Sustainability agents have a few simple operating guidelines, or network protocols, or rules if you like:

  • Diversify

  • Connect

  • Interact

  • Adapt

How does your stance change if you decide that this will be your orientation? What happens if you dedicate yourself to learning how to do each of these four things?

Yunkaporta elaborates:

Diversity is not about tolerating difference or treating others equally and without prejudice. The diversification principle compels you to maintain your individual differences, particularly from other agents who are similar to you… You must also seek out and interact with a wide variety of agents who are completely dissimilar to you… you must interact with other systems beyond your own, keeping your system open and therefore sustainable.

Connectedness balances the excesses of individualism in the diversity principle.
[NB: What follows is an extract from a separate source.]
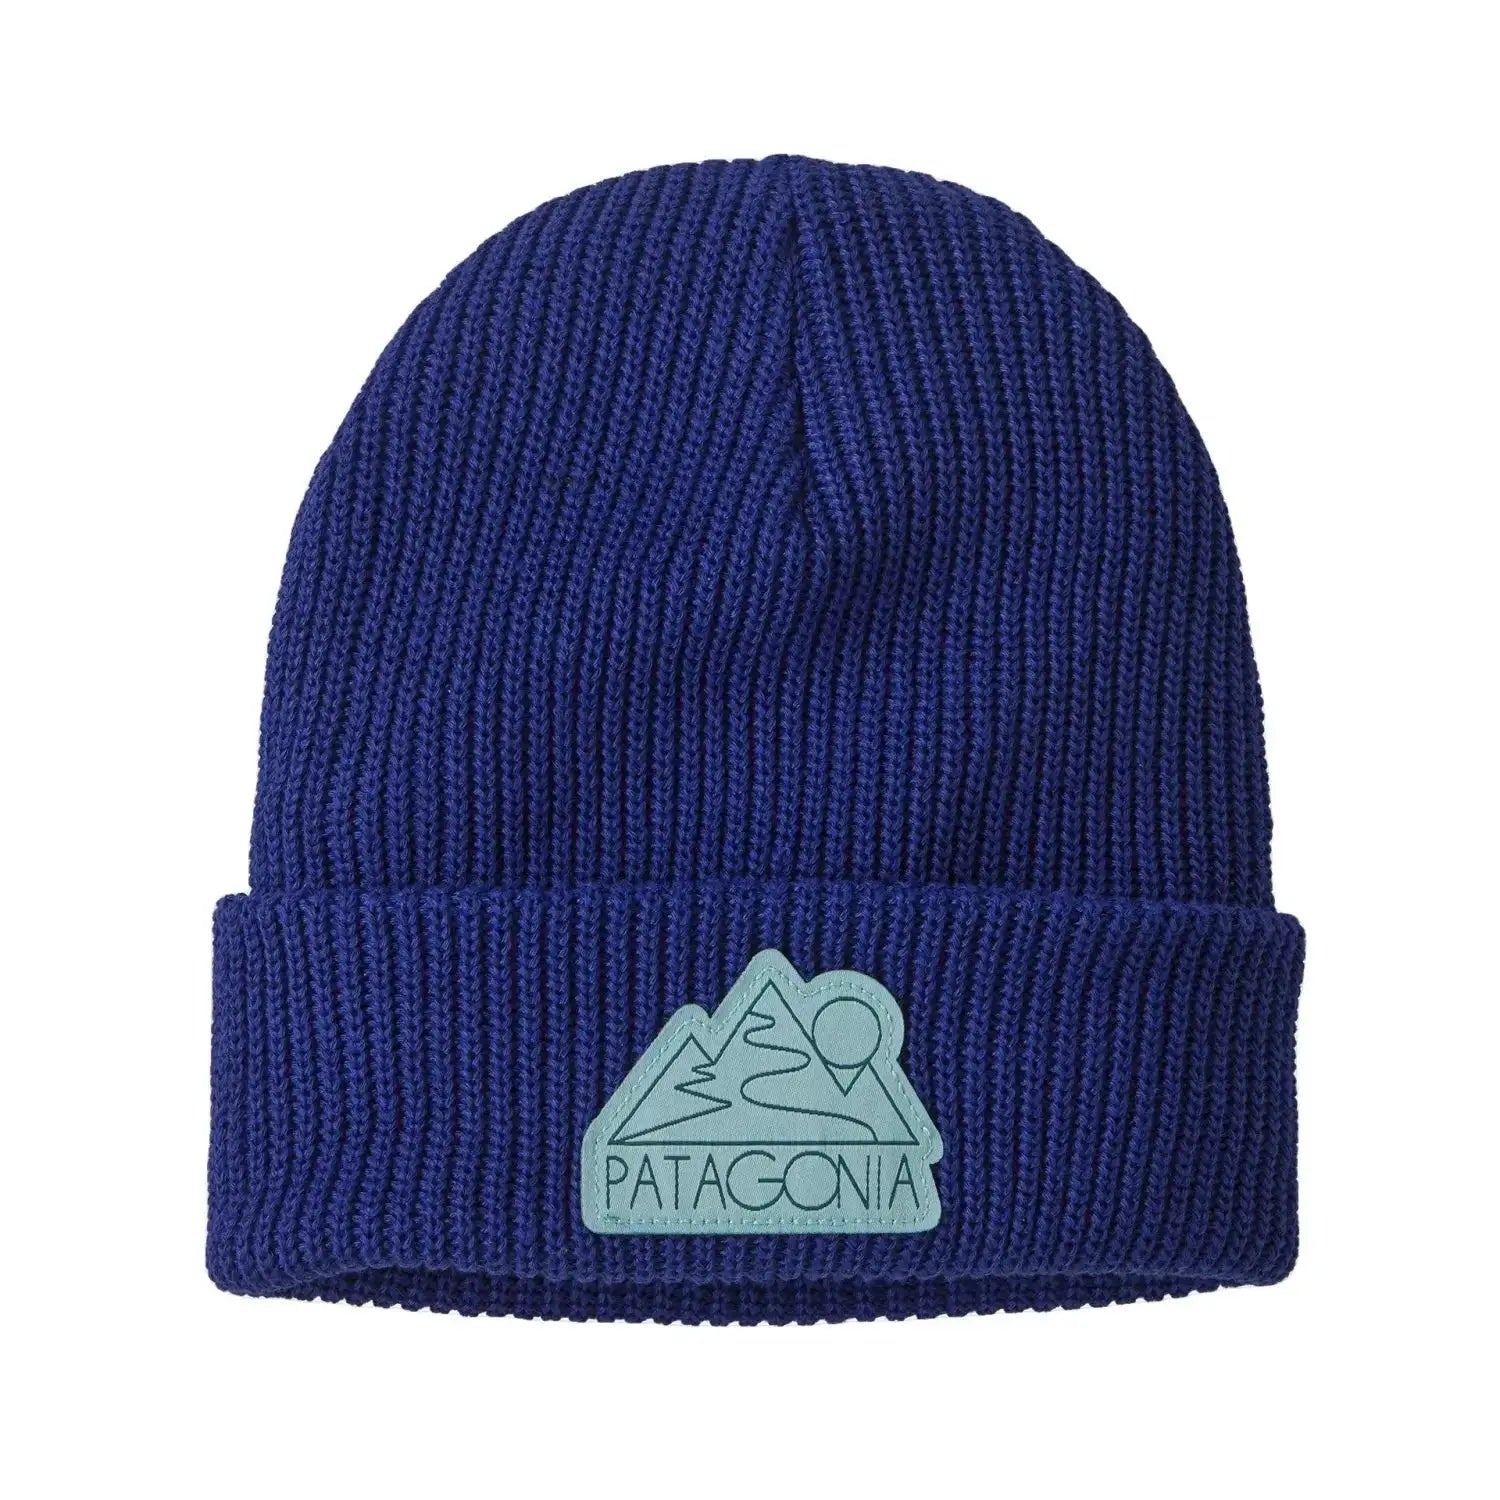 Patagonia K's Logo Beanie, Z's and S's Passage Blue, front view
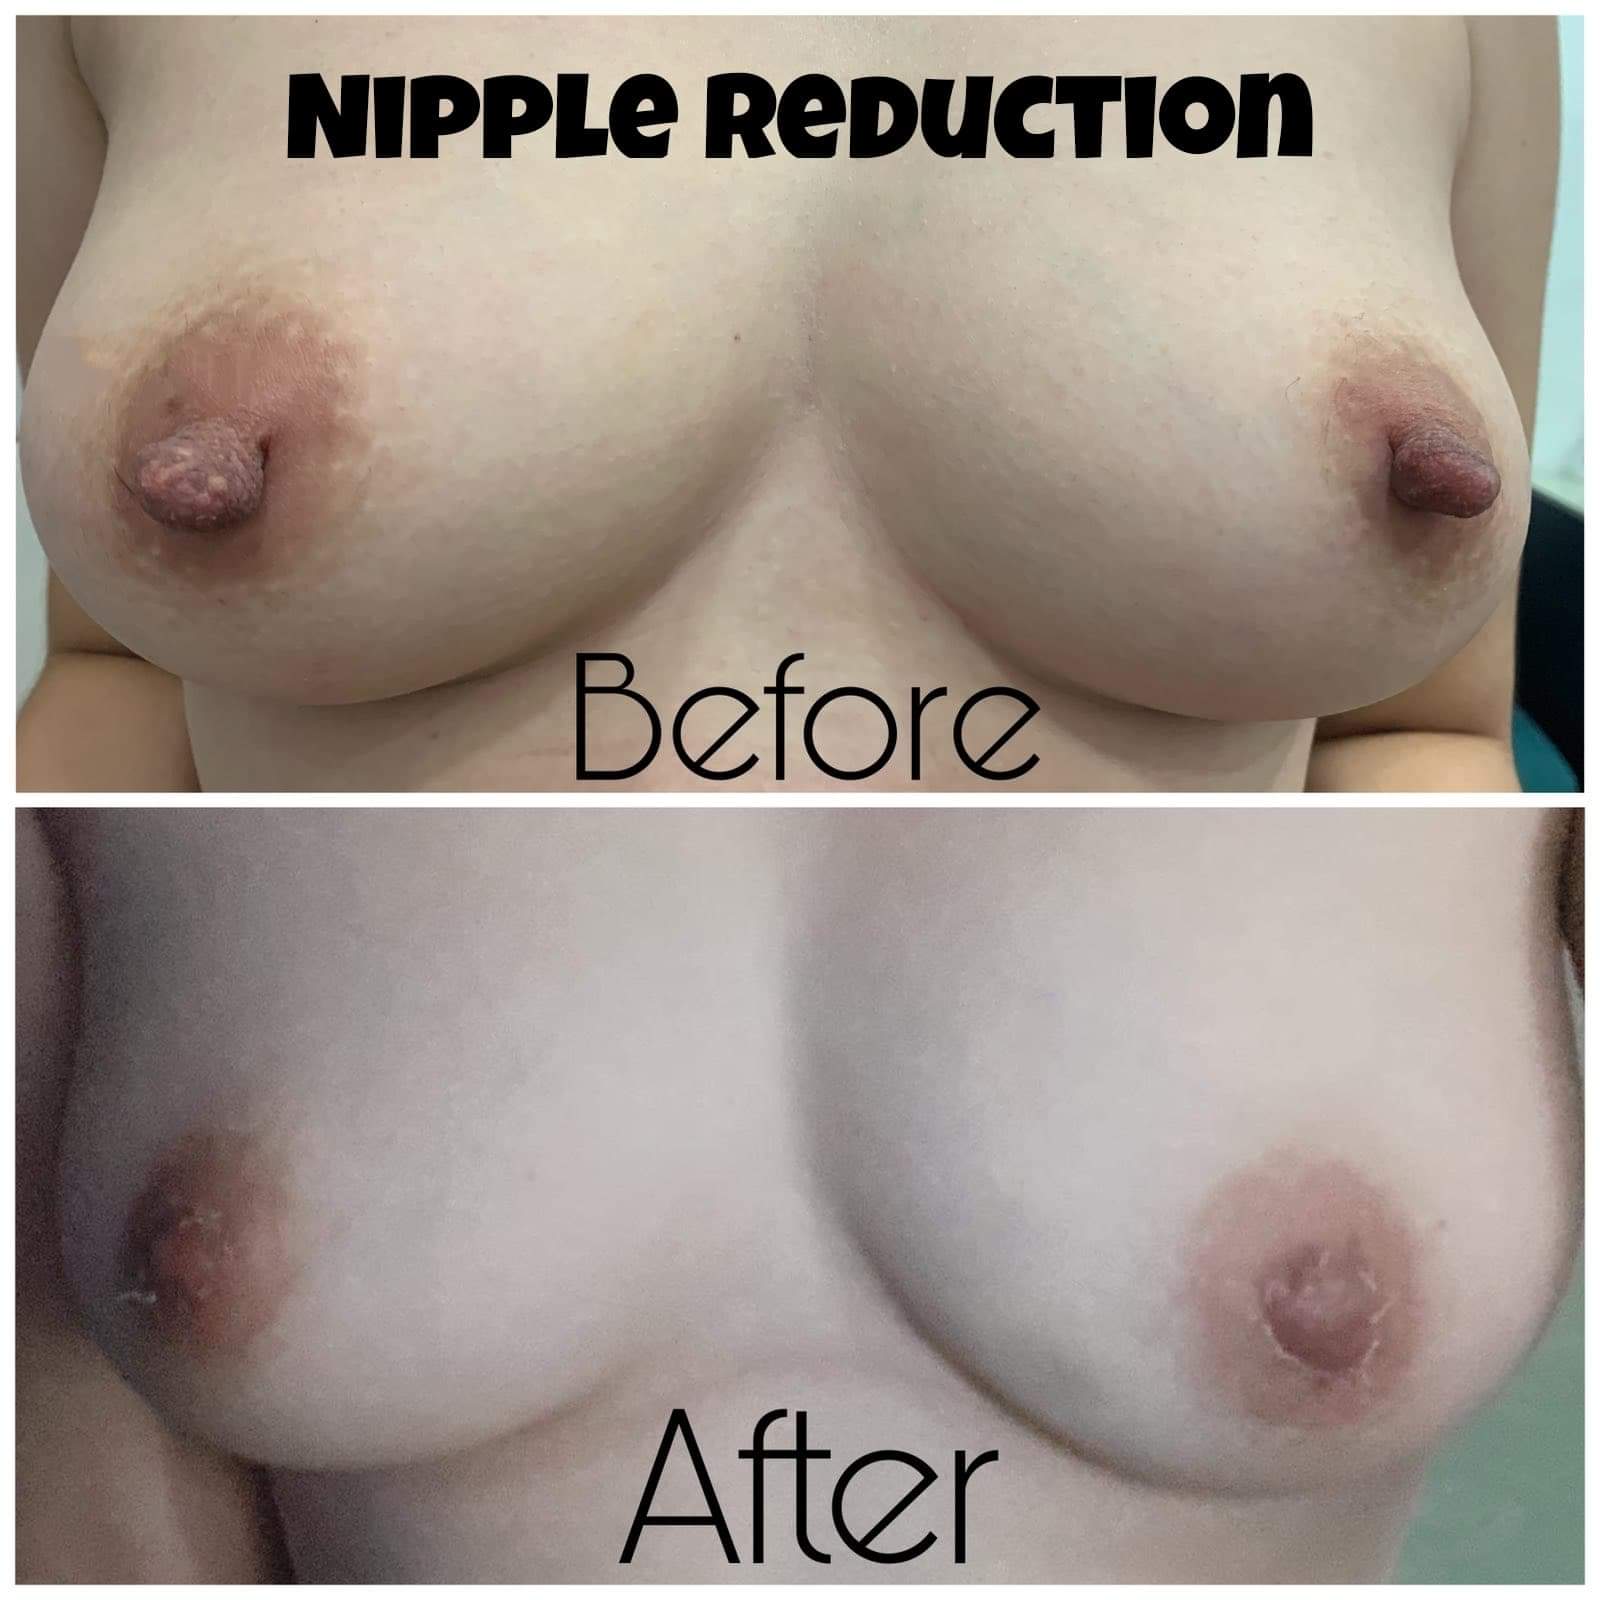 Nipple Reduction (Before and After)

The first step in connectedness is forming pairs (!!!) with multiple other agents who also pair with others. The next step is creating or expanding networks of these connections. The final step is making sure these networks are interacting with the networks of other agents, both within your system and in others.

Kinship Mind (Credit: Tyson Yunkaporta, Sand Talk)

Interaction is the principle that provides the energy and spirit of communication to power the system. This principle facilitates the flow of living knowledge. For this, you must be transferring knowledge (and energy and resources) with as many other agents as possible, rather than trying to store it individually. If the world ever experiments with an actual free market rather than an oligopoly, this would be the perfect system to facilitate sustainable interactions.

Adaptation is the most important protocol of an agent in a sustainable system. You must allow yourself to be transformed through your interactions with other agents and the knowledge that passes through you from them. This knowledge and energy will flow through the entire system in feedback loops, and you must be prepared to change so that those feedback loops are not blocked.

An agent that is truly adaptive and changing is open to sudden eruptions of transformation, in which the agent may temporarily take on the role of strange attractor and facilitate chain reactions of creative events within the system.

(Back to me, writing)

This is fire. It’s a posture. A way of being. Not only a way of being yourself, but a way of being-with. A way of being-with others, a way of being-with the more than human world. It is a practice. And it is a stance. A stance the reimagines, repatterns, and subverts.

It is wisdom.

I’m glad to be with you, as together we find our way.